Indian Expat Parent: On the Subject of Religion

One mom, a Hindu, struggles with what to teach her daughter about religion

I was very excited about Diwali and the fact that it’s just around the corner. I was busy looking for events and get-togethers to celebrate Rama’s victory over Ravana.

“You should come for this event!” I told a parent in my child’s school. “You’ll have a lot of fun.”

“It sounds interesting,” she said, and then cautiously added, “Are you Hindu?”

“Yes,” I said, equally cautiously.

“What about your daughter?”

That was a very strange question for me. By virtue of being born to us, two Hindus, my daughter is, by default, a Hindu. Or that’s what we think right now. We haven’t discussed religion in our house, because there hasn’t been a need to.

“Why do you ask?” I asked. “She’s also a Hindu, because we are.”

“So she wouldn’t have a choice?”

The question was very complicated. My husband and I are Hindus, but because we belong to different regions of the country, the way we worship, the reasons for our celebrations, the presentation, etc. — are all very different. Before marriage I was very strongly religious. I was God-fearing. I believed every action had a consequence, and out of fear of incurring the wrath of the Almighty, I prayed every day. I was taught, as a Brahmin, to pray religiously every day, to light the diya (lamps) and chant at sunrise and sunset (the most sacred times of the day).

I don’t anymore. My father doesn’t approve of my diminished devotion, but then he’s come to terms with it. He knows I believe in God, he knows that I try my best to teach DD all the mythological stories, and he’s happy she knows a few shlokas (religious prayers) and he knows that’s as good as it can get.

The topic of religion stirs a lot of strong emotions in me, especially because the city I grew up in, Hyderabad, was a hotbed for communal riots and religious clashes. Schools were shut down, buses burned, stones pelted, shops forced to close, all because of religious differences, because some Hindu said something demeaning to a Muslim or because some Muslim said something disparaging about a Hindu God. I remember being scared and asking my father incessant number of questions on why these things happened. Would people come to our house too and hurt us? I shuddered. My best friend in high school was a Muslim. Was I not supposed to be friends with her? It was very scary.

The independence of India is still considered bittersweet; it also led to the partition of the country to create a Muslim state — Pakistan. There are umpteen movies, books, shows, protests on the topic of religion in the subcontinent, of our tolerance and lack thereof. There have been many events of religious violence in India, before, during and after independence, and it is not limited to Hindus and Muslims. It involves Sikhs, Parsis, Jews, Christians. The topic of religion and caste is very volatile in the country, and a simple discussion could easily lead to a huge turmoil, an uprising.

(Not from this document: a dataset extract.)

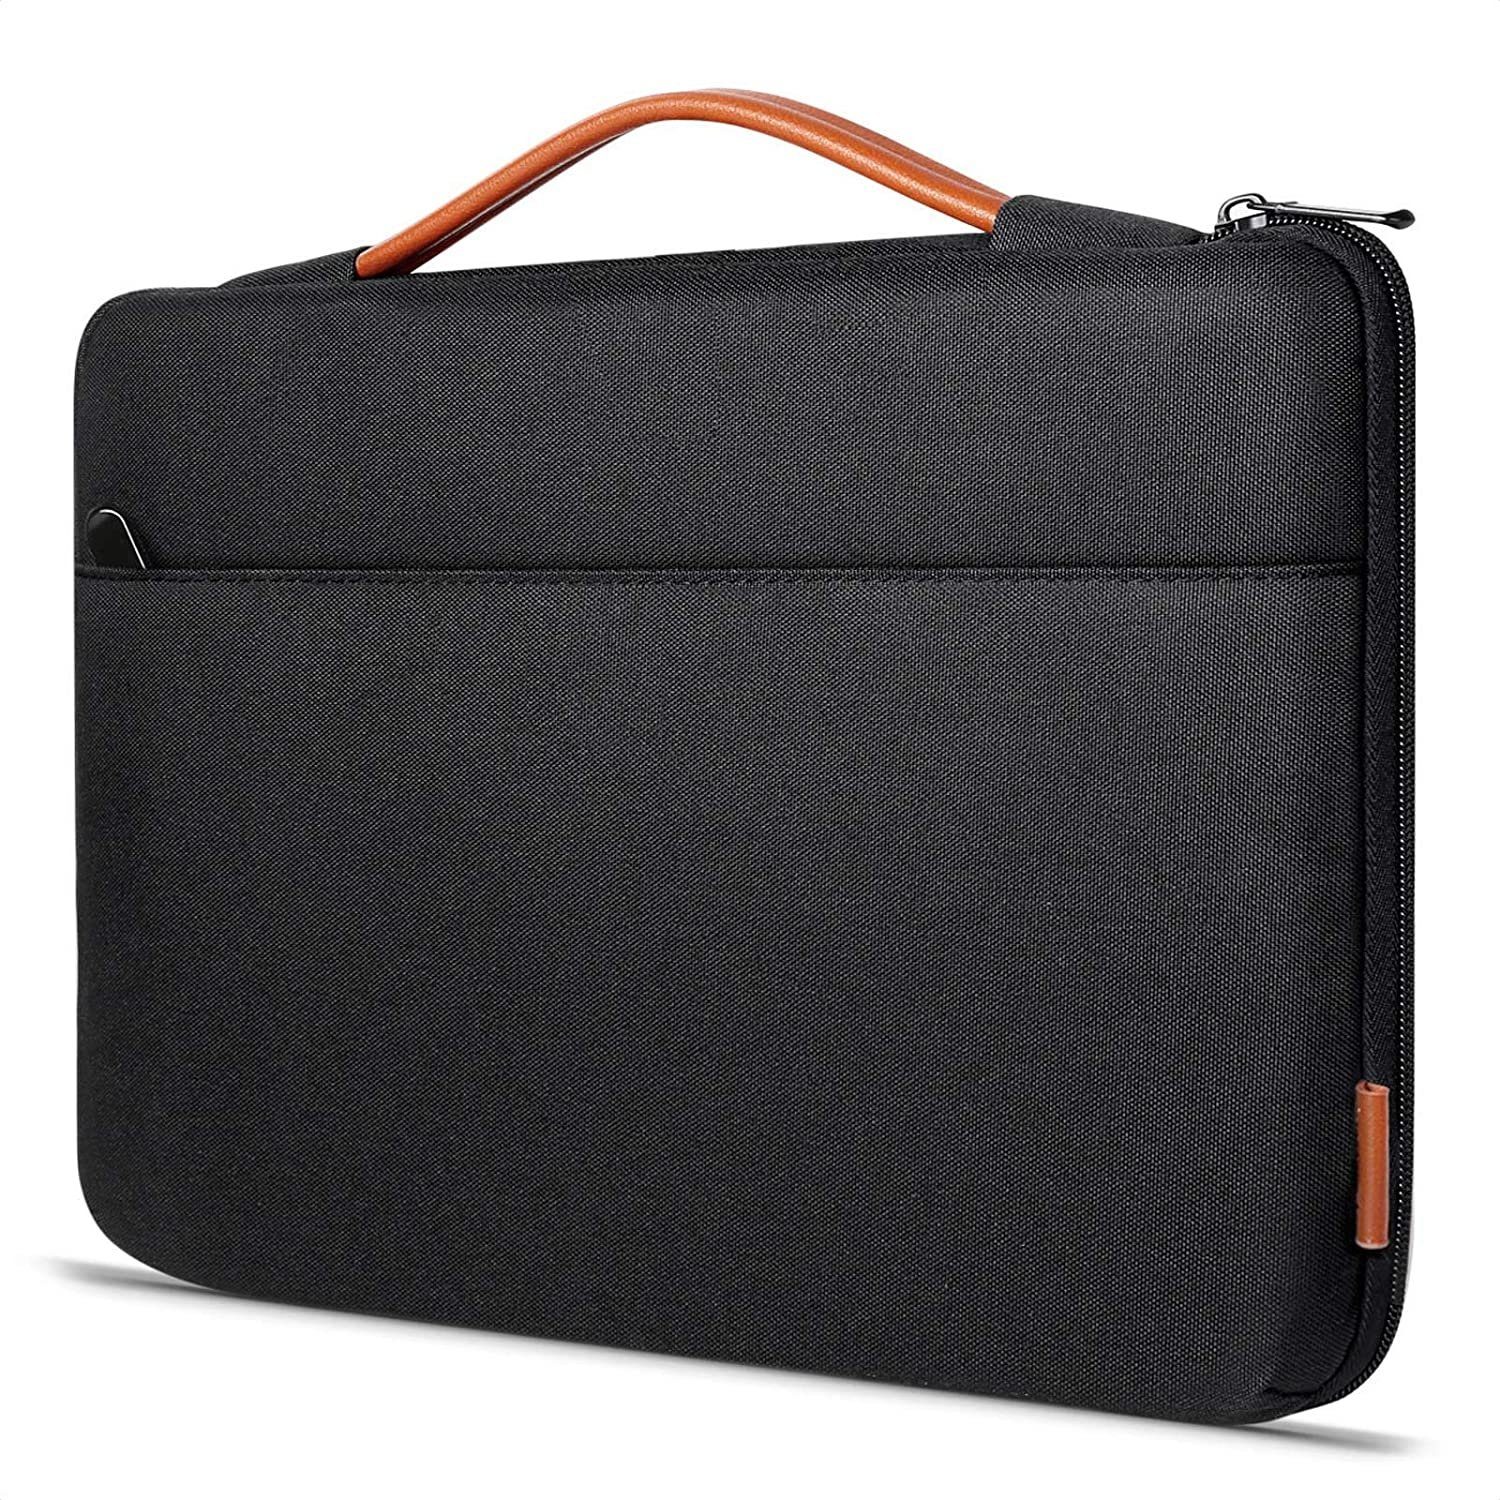 Laptoptasche Notebooktasche NEOPREN LAPTOP HÜLLE Tasche 15.4"

I remember a particularly close encounter when I was in school. A riot broke out in the old city. All buses were canceled, and it was declared unsafe to go home. We didn’t have cell phones then, so we couldn’t contact our parents. My best friend, Fatima, and I held each other’s hands, close to tears. What is happening? I remember thinking. Am I not allowed to hold her hand? I could see the same question in Fatima’s eyes, but we held on tighter. It just didn’t feel right to let each other go.

The event luckily was contained, and eventually we could go home. My mother hugged me as soon as I reached her. There wasn’t any incident in our part of the city, but Amma couldn’t let me go. “Are you OK?” she kept asking.

“Amma … Fatima,” I tried. “She’s my best friend.”

“Yes. So?” Amma asked.

“Are these riots going to force us to break our friendship?” I asked, confused.

“Vasu, did you become friends with Fatima because she was a Muslim?” Amma asked.

“No. I became friends with her because she and I are very similar — in almost everything. She and I have the same tastes in clothes, food, books …”

“So religion was not a factor?”

“No! That never even crossed my mind.”

“Does her being a Muslim change who she is?”


“Then don’t ever think you’ll have to choose friends based on religion.” Amma smacked me on the head. I hugged my mother and shivered. “It’s OK.” Amma hugged me back. “Everything will be alright.”

We’ve never discussed religion since. My daughter has asked us about God, and we’ve told her that each person can have a special name for God, some call him Allah, some Jesus, some Krishna. It’s just a name, you can call your God whatever you want. We’ve taught her to believe in God, for he will protect the good and destroy the bad — it’s just our attempt to reassure her that there’s someone there, constantly taking care of her, even if her parents are not around. But beyond that, it’s an open slate. DD can write what she wants on it, as long as it leads to a common good for her and the people around her.